Closed motor skills are performed in a stable environment where the supporting surface, objects, and other people involved remain stationary throughout the execution of the skill. This stability allows the performer to initiate movements at their own pace, which is why closed motor skills are often referred to as self-paced skills. Gymnastic and track-and-field events are typical examples of closed motor skills, as the environmental context does not change during performance. In contrast, open motor skills occur in dynamic environments where the supporting surface, objects, and/or other people are in motion. To successfully execute open motor skills, performers must adapt their actions in response to these moving elements. This adaptation requires timing the initiation of movements according to the changes in the external environment, which is why open motor skills are sometimes termed externally-paced skills (Magill and Anderson, 2021).

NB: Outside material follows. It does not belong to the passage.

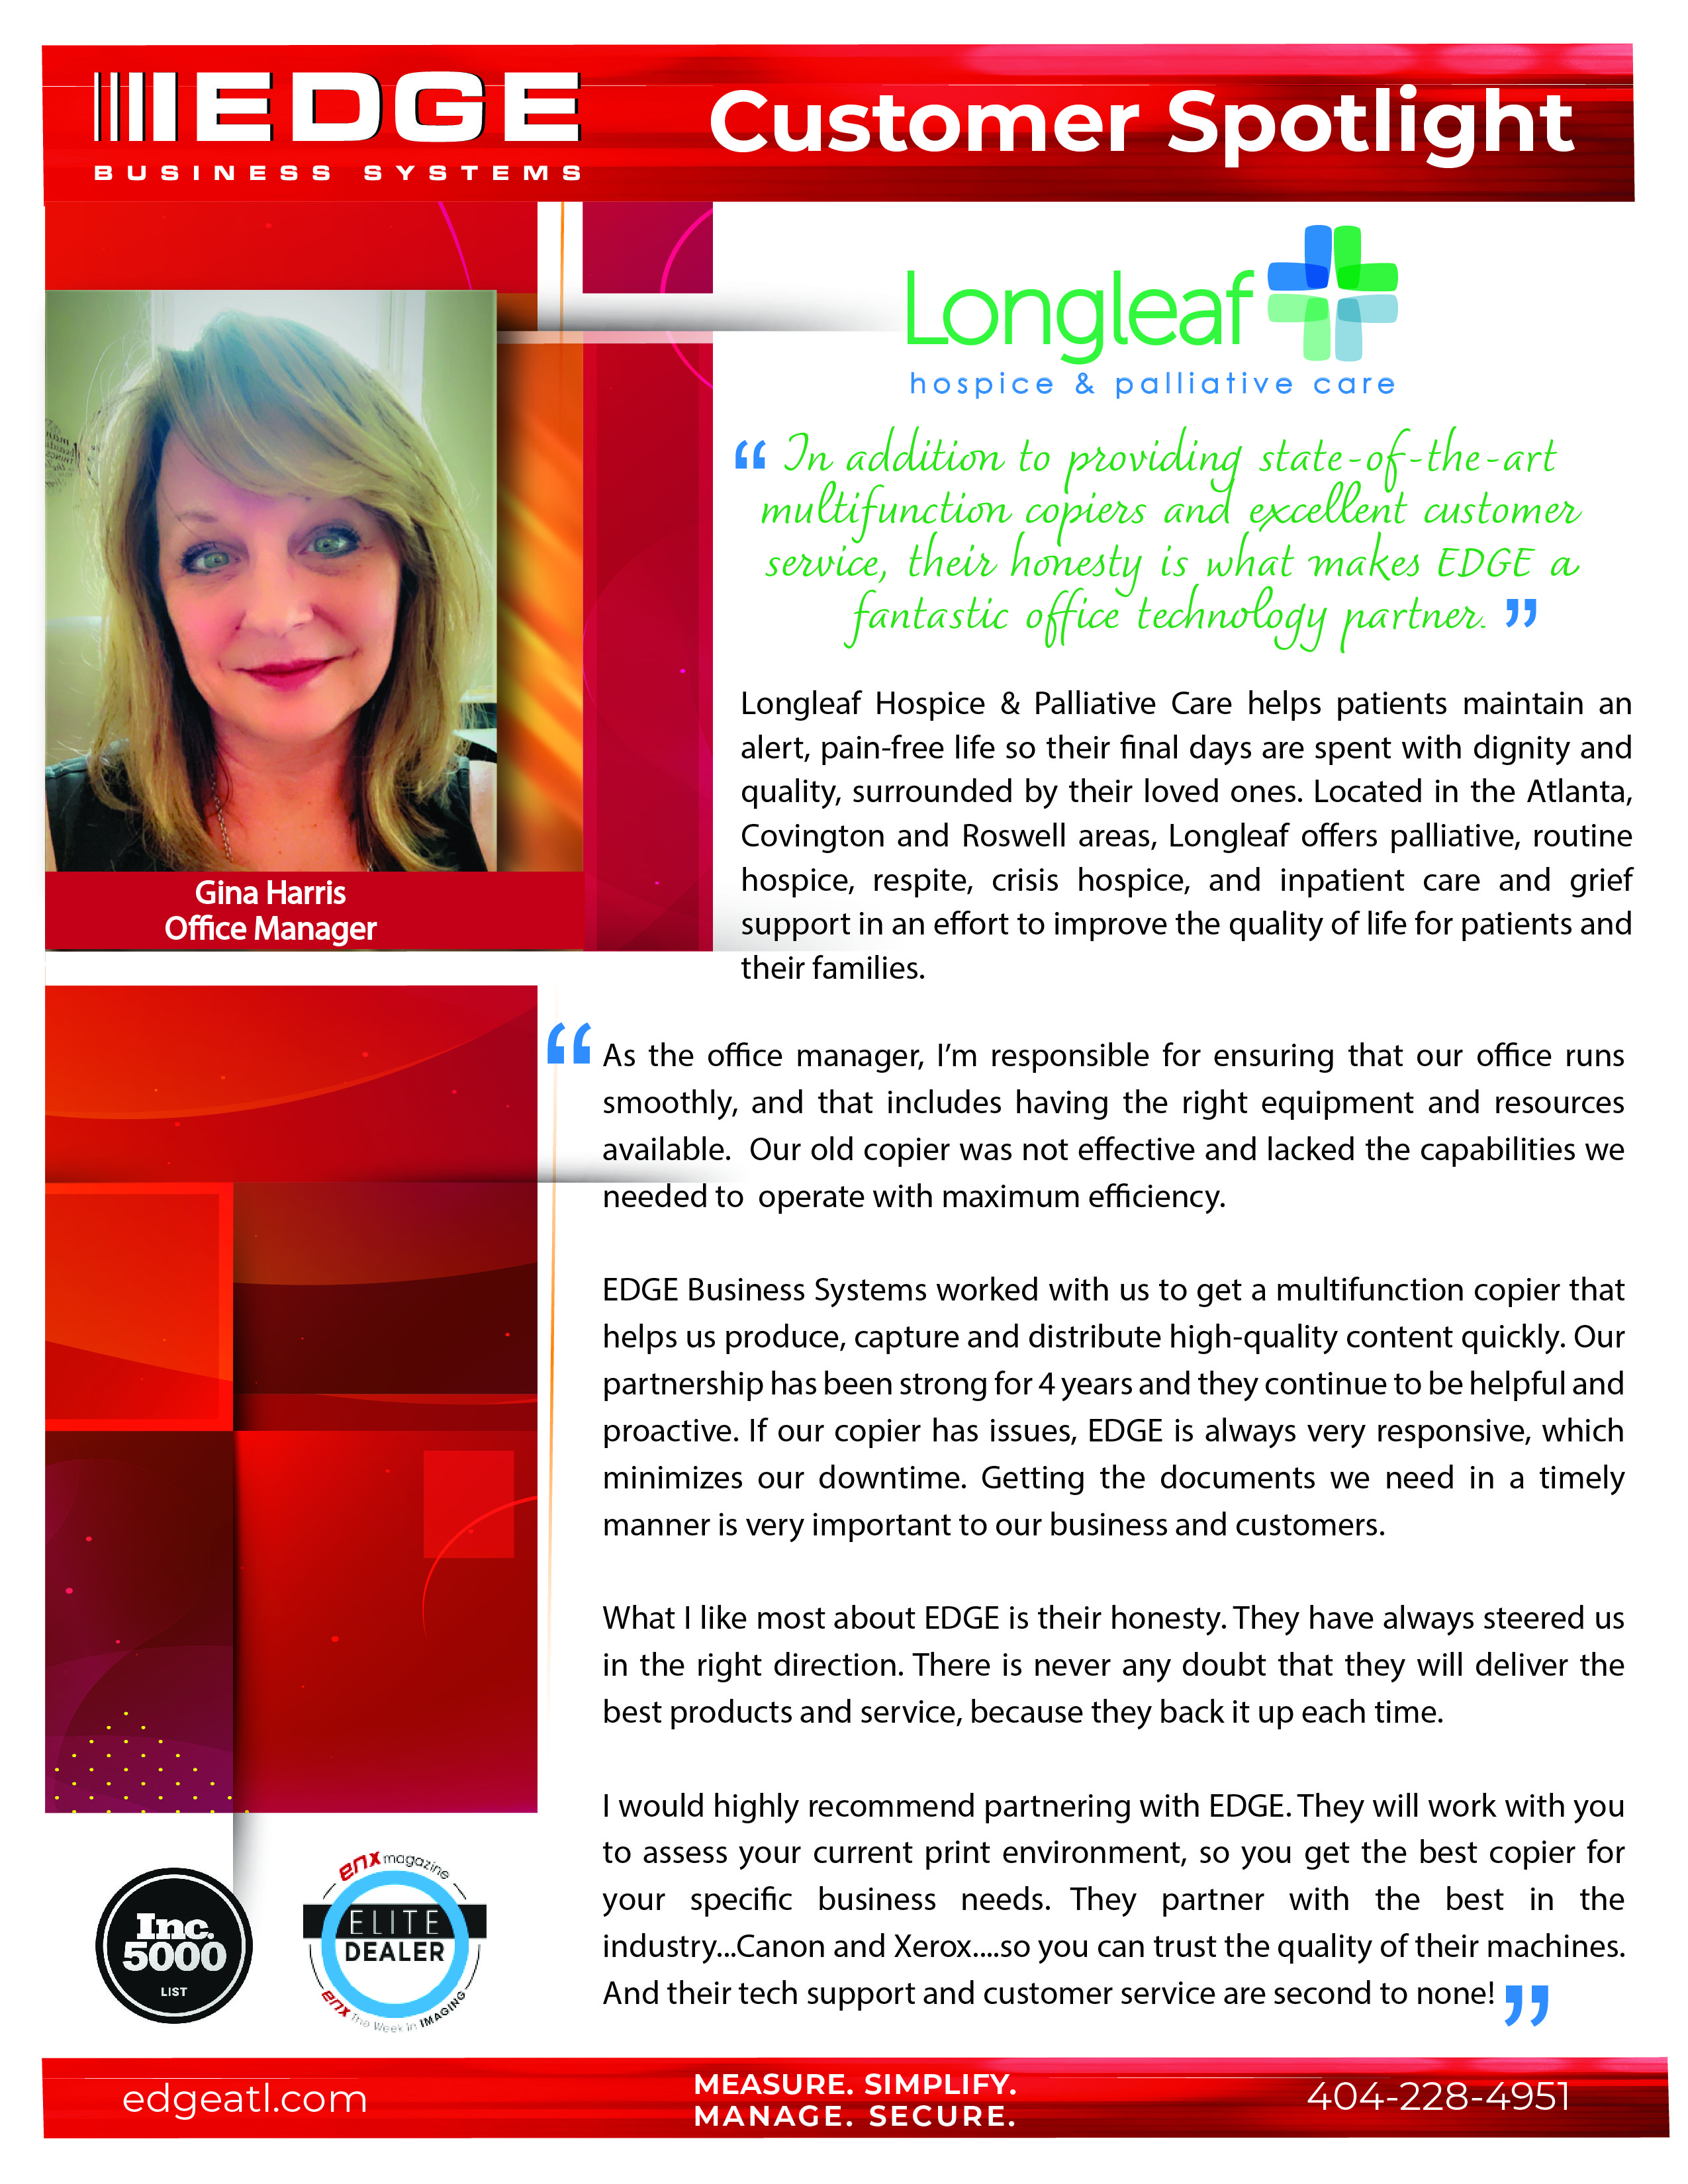 Customer Testimonial--Longleaf Hospice & Palliative Care

As highlighted in systematic reviews (Feng et al., 2023; Heilmann et al., 2022) suggests that that open motor skills (e.g., basketball, wrestling, fencing) provide greater benefits than close motor skills (e.g., running, swimming) for certain executive functions, such as cognitive flexibility and working memory. In a study comparing aerobic training (i.e., treadmill run, a closed motor skill) and designed-sport training (i.e., free-style wrestling, an open motor skill), Moreau et al. (2015) found that after eight-weeks training, the wrestling group demonstrated the most significant improvements in working memory-related measures and spatial awareness, underscoring the effectiveness of open motor skills in enhancing cognitive performance. Additionally, the wrestling training was associated with notable health benefits, including reductions in heart rate and blood pressure. Similarly, Gökçe et al. (2021) compared the long-term effects of participation in open-skill (i.e., fencing) vs. closed-skill (i.e., swimming) exercises on cognitive functions and levels of Brain-Derived Neurotrophic Factor (BDNF). Their findings indicated that fencers outperformed swimmers and sedentary controls on tasks measuring visuospatial working memory, verbal fluency, and selective attention. This further supports the unique cognitive advantages associated with open motor skills.

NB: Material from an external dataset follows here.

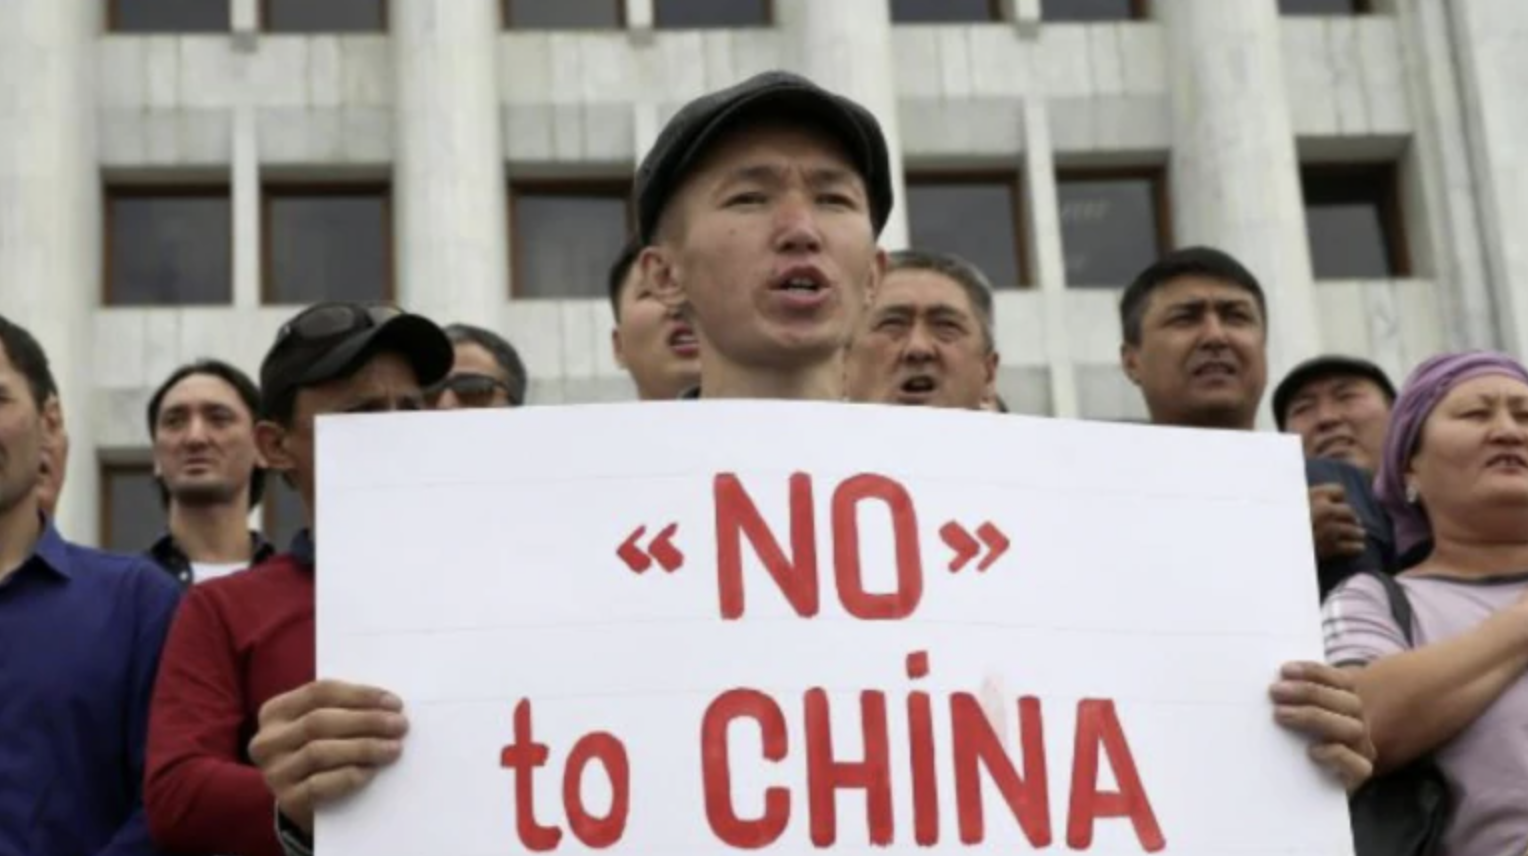 China Now Lays Claim on Bhutan's Territory, Thimphu Counters Beijing's Move

In summary, these studies consistently demonstrate that open-motor-skill training offers superior cognitive gains compared to closed-motor-skill training, emphasizing its potential for enhancing both cognitive and physical health outcomes.

Basketball falls into the category of open motor skills. The sport involves a variety of dynamic actions, such as sprinting, jumping, quick directional changes, dribbling, throwing, and catching. These activities require players to constantly adjust their movements based on the actions of teammates, opponents, and the ball, thereby enhancing their ability to respond to a changing environment.

Furthermore, basketball as a team sport offers substantial opportunities for children to develop communication skills through verbal and non-verbal cues with peers. This interaction is particularly beneficial for children with CSISP, as it helps build social skills and teamwork. A systematic review (Eime et al., 2013) revealed that children and adolescents who played team sports felt greater self-esteem, less fearful in social situations, less socially isolated and more socially accepted compared to their peers who participated in individual sports or no sport. It is worth to note that longitudinal studies indicates that team sport participation was found to be less depressed (Babiss and Gangwisch, 2009), greater self-esteem for females (Pedersen and Seidman, 2004), and to be associated with lower social isolation later in life (Barber et al., 2001).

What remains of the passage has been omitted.